The BSEM results suggest the model misfit is due to minor differences between the model and the data in the form of omitted minor residual covariances. We choose to treat these statistically significant but substantively insignificant parameters as approximately zero and interpret the 1-factor model as a sufficiently good and parsimonious approximation for the data. Instead of interpreting subscale scores that are potentially redundant, the present results demonstrate support for use of the total UWES-9 score as a measure of work engagement3, 9).
Despite the large sample size, the present study was based on a nonrandom sample of health-care workers. The potential selection bias limits the generalizability of the study results to other worker populations.
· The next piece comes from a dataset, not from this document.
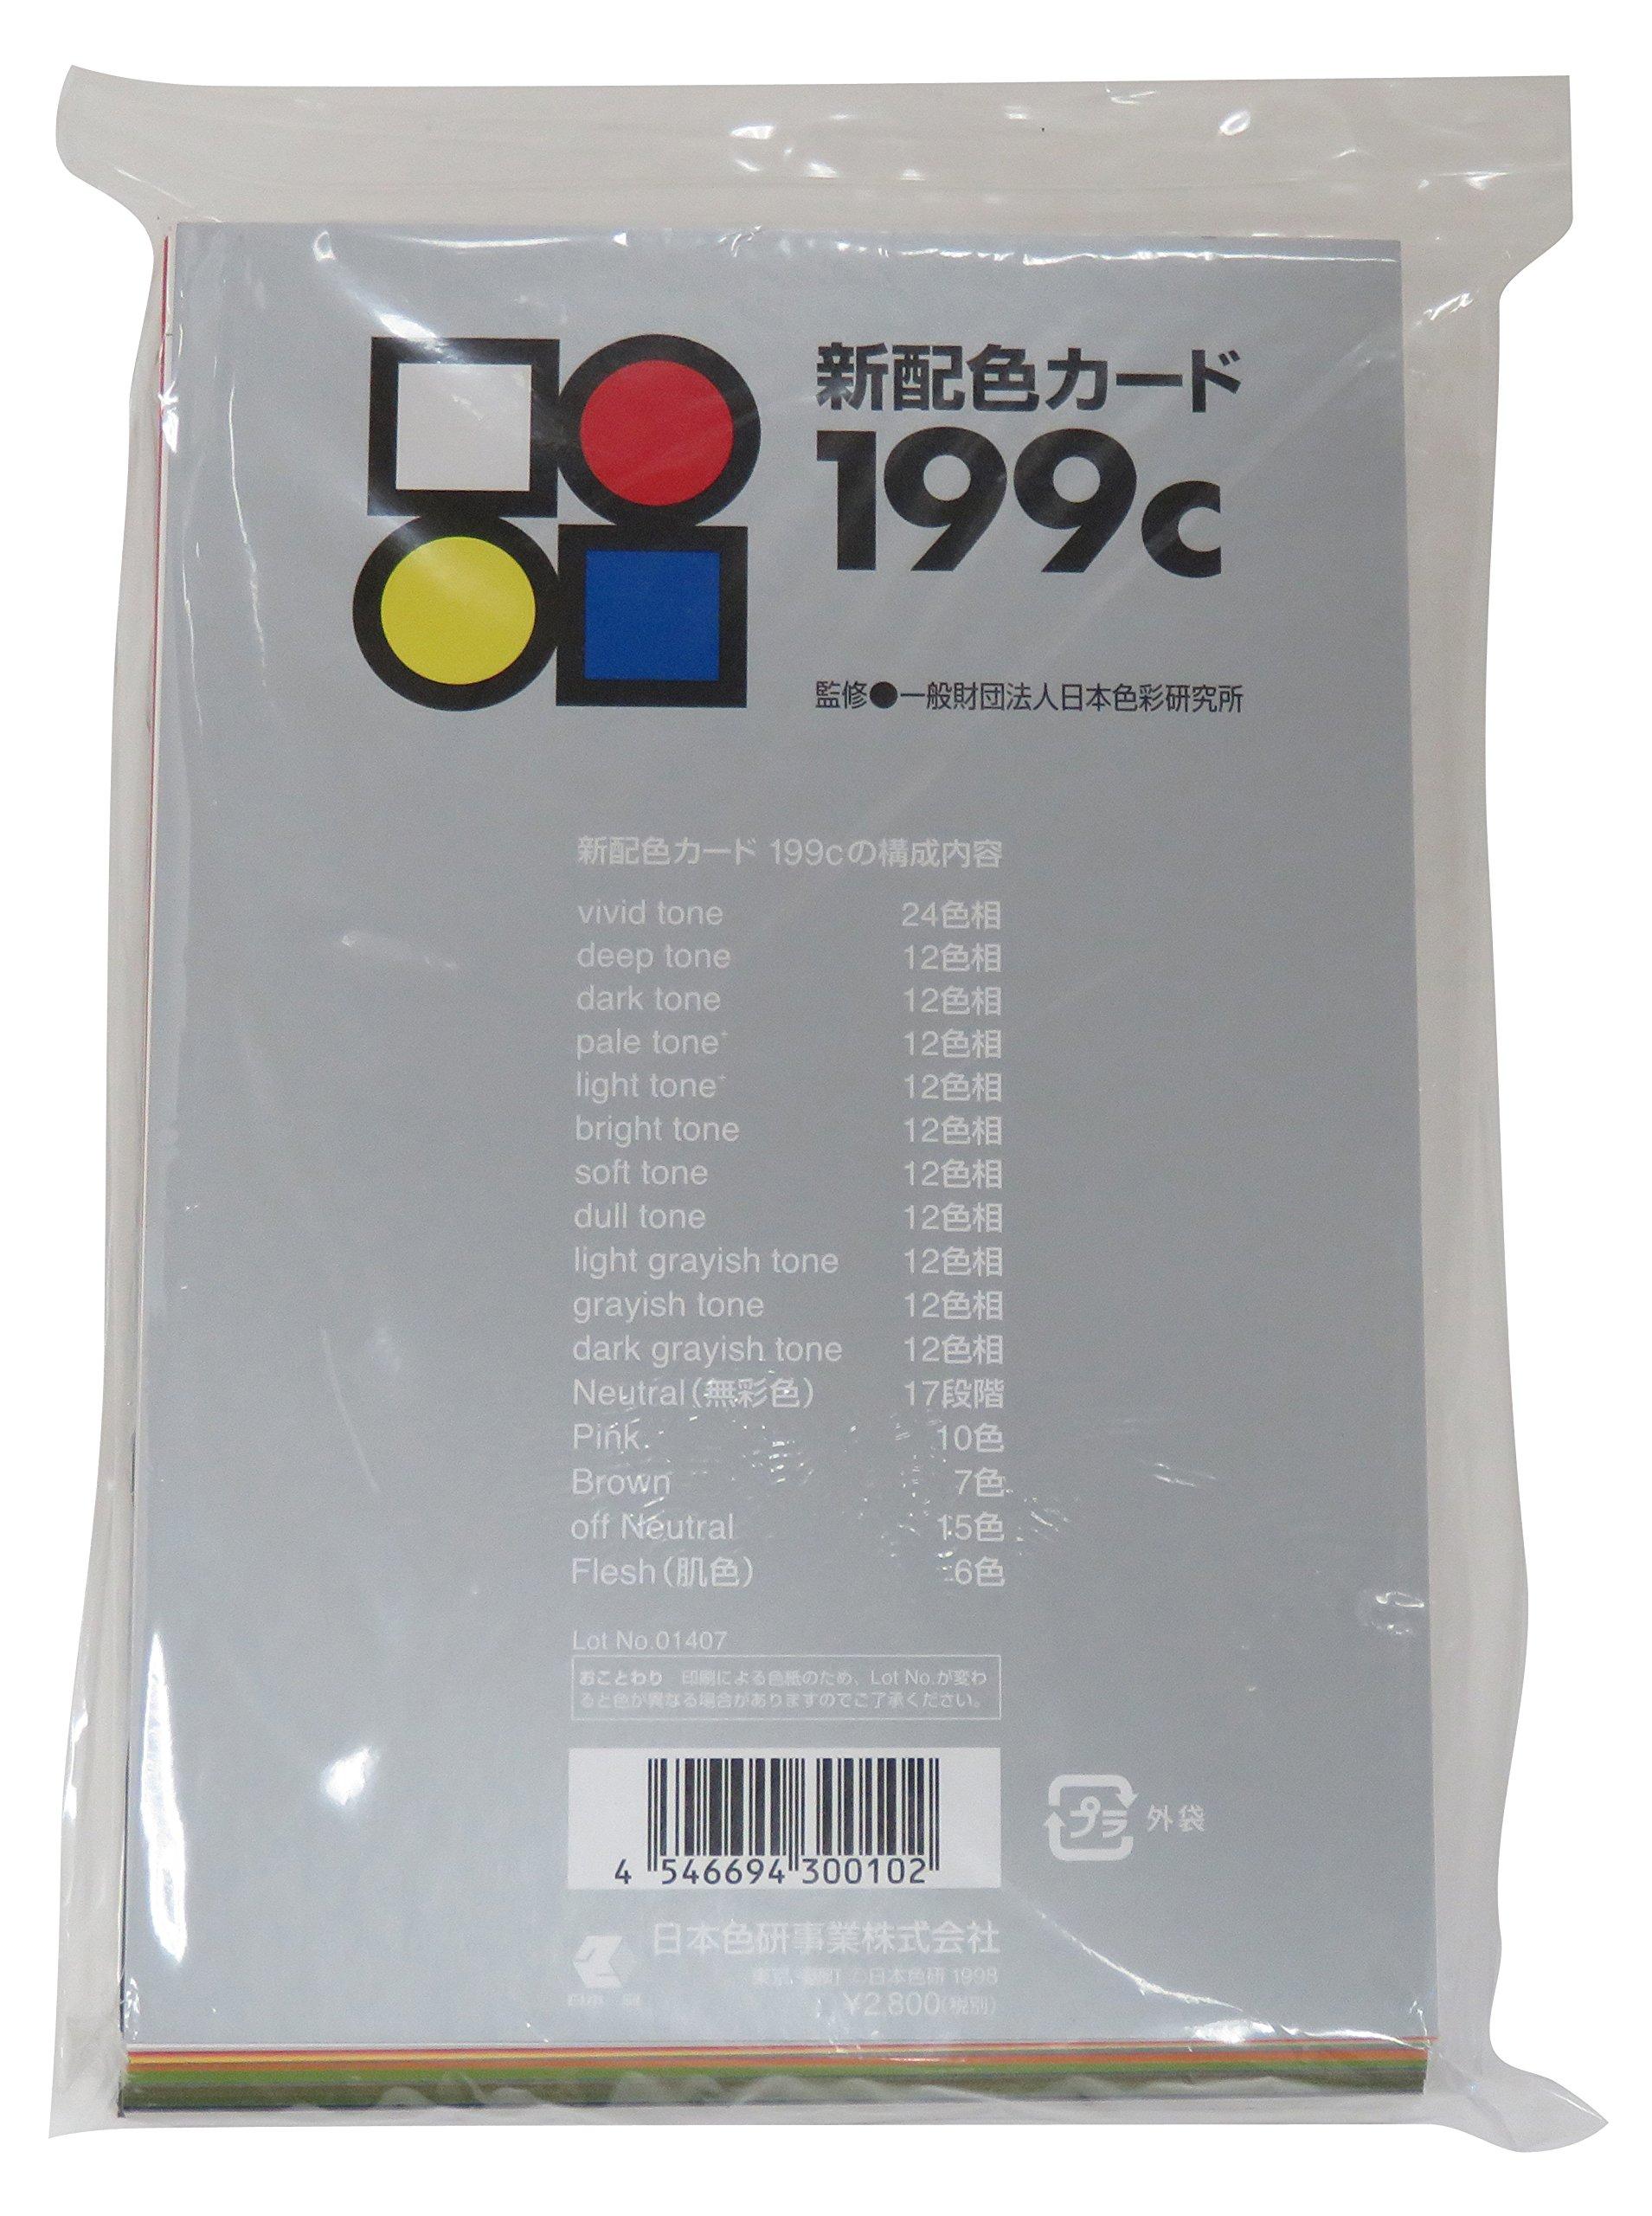 Japan Iroken new color scheme card 199c

The self-reported cross-sectional nature of the current study implies the possible existence of common method variance. Future studies that adopt a longitudinal design and incorporate objective measures to elucidate the degree of work engagement and its developmental trajectories are recommended.
In summary, this psychometric study was the first to apply the flexible BSEM approach in reevaluating the dimensionality of the UWES-9. The BSEM results demonstrate empirical support for the overall factor as an adequate and parsimonious representation of work engagement. Future research could investigate the measurement invariance of the UWES-9 across gender or cultural contexts using the Bayesian approach27). This innovative approach allows a test of approximate measurement invariance via zero-mean, small variance informative priors for parameter differences between groups28, 29), thereby providing a useful mean of identifying non-invariance in the case of multiple groups or time points.
Acknowledgment: The authors would like to sincerely thank Dr. Tihomir Asparouhov for his invaluable insights concerning the BSEM analysis results.